● Problem statement
Retype, without pictures, the line holding "Rising Soul: A Guide to Personal Development" and each line below it through the final line.

● Material provided
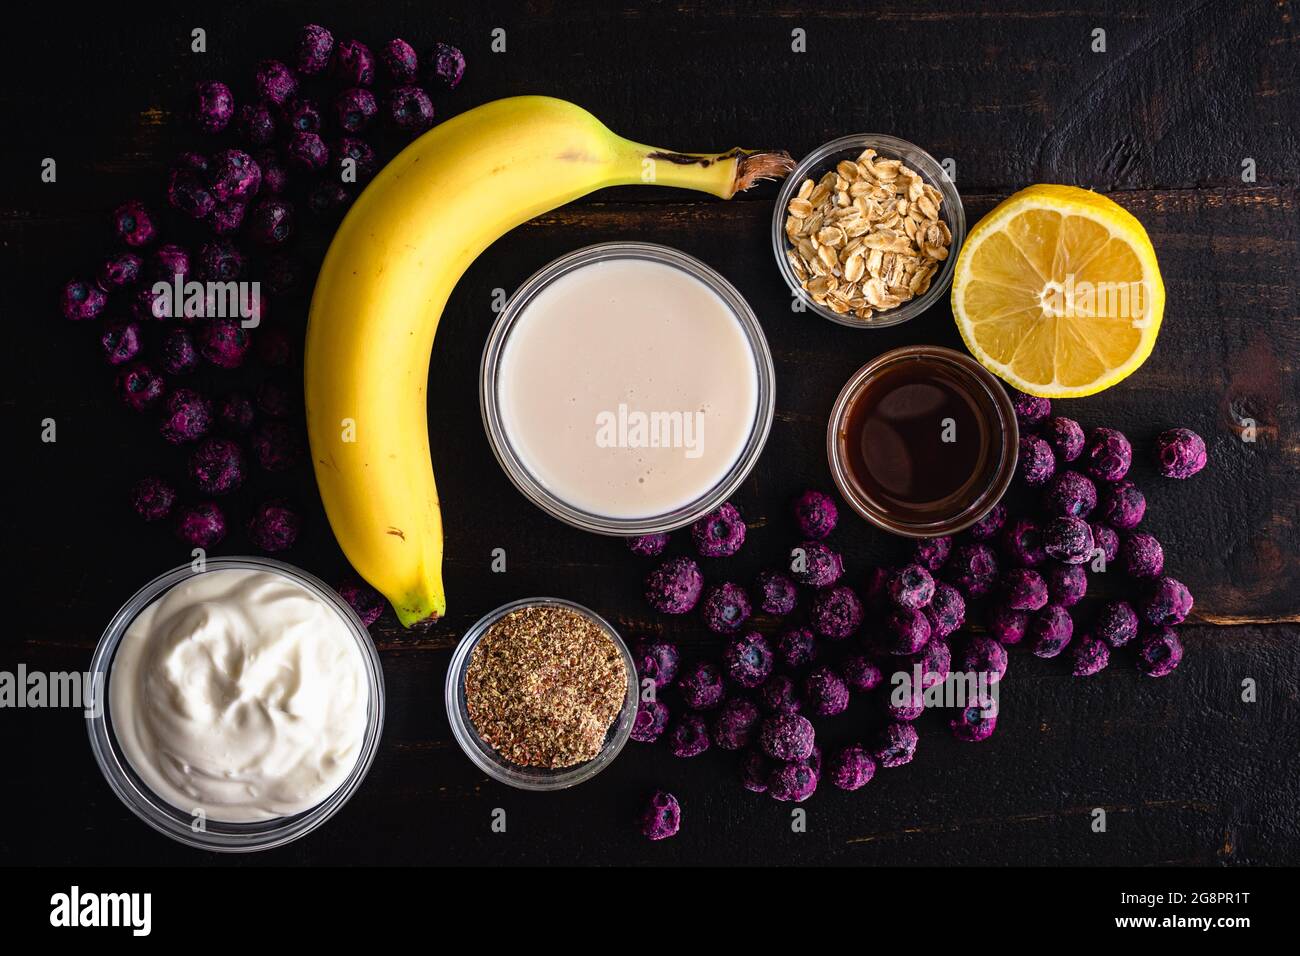 Healthy Blueberry Muffin Breakfast Smoothie Ingredients: Raw smoothie ingredients including frozen blueberries, bananas, and rolled oats Stock Photo
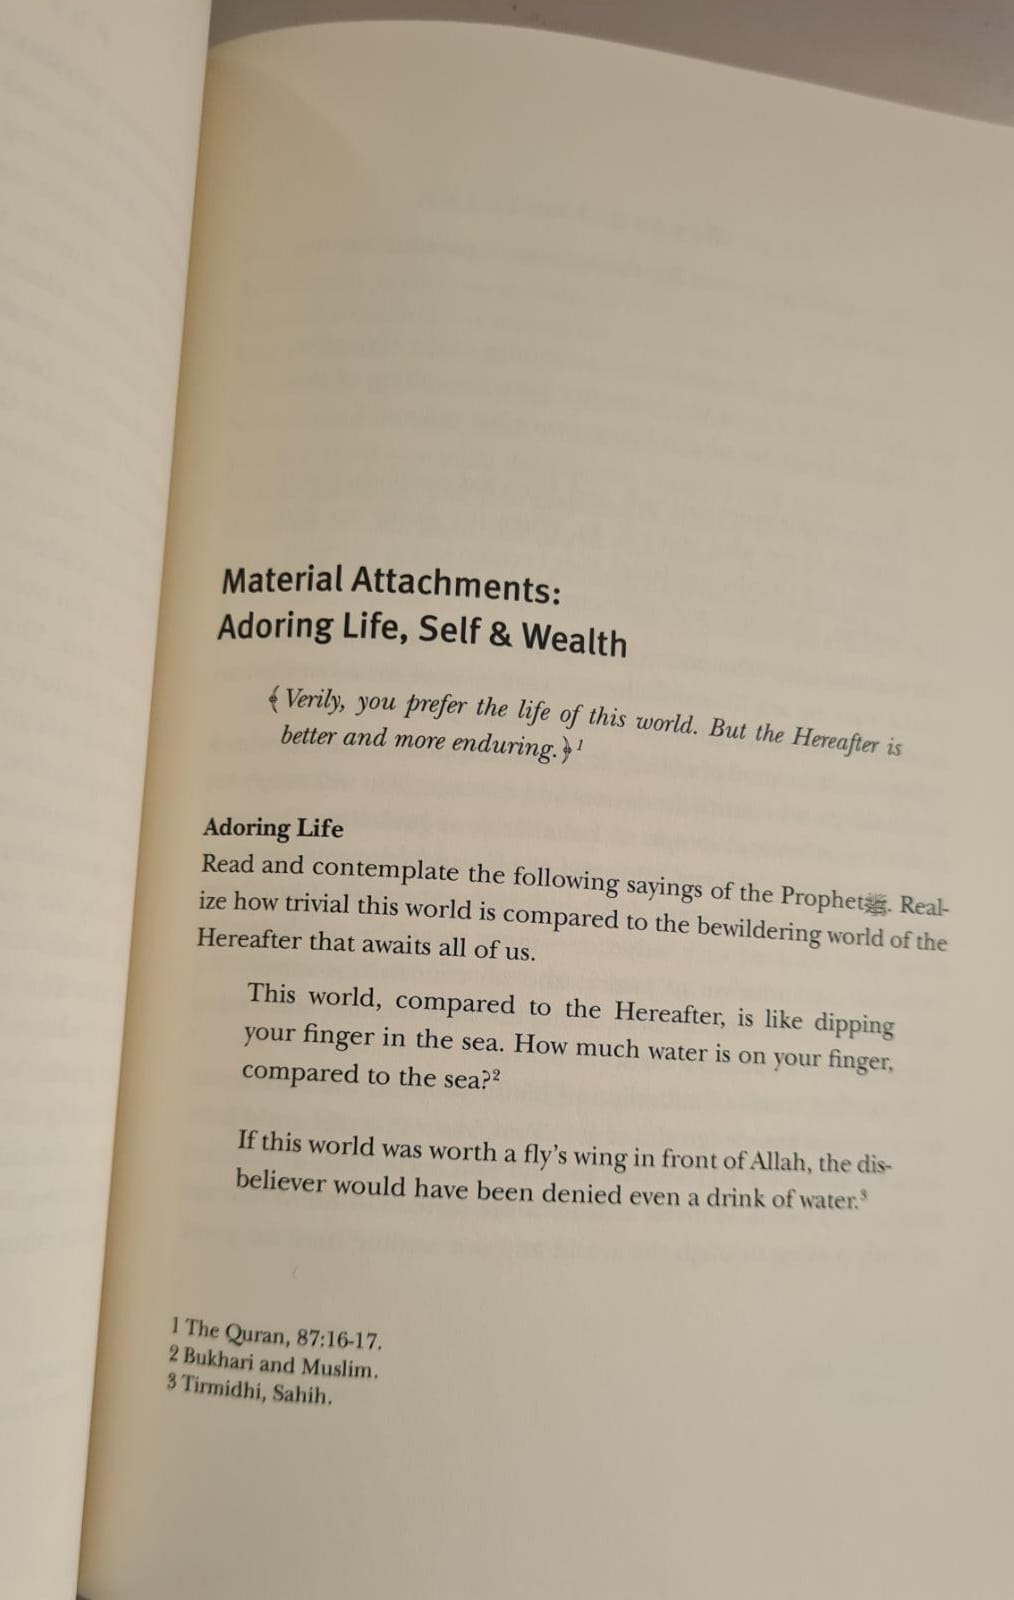 Rising Soul: A Guide to Personal Development
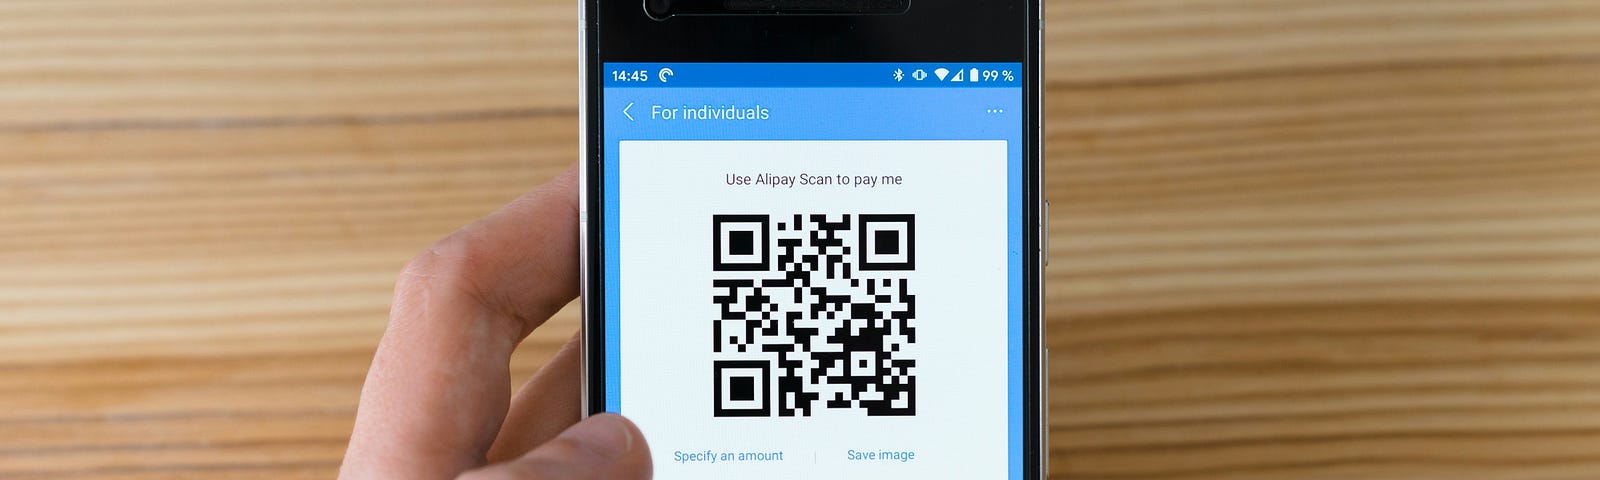 A smartphone with a QR code payment option showing on the screen.

● Answer for the task
 Rising Soul: A Guide to Personal Development
 A smartphone with a QR code payment option showing on the screen.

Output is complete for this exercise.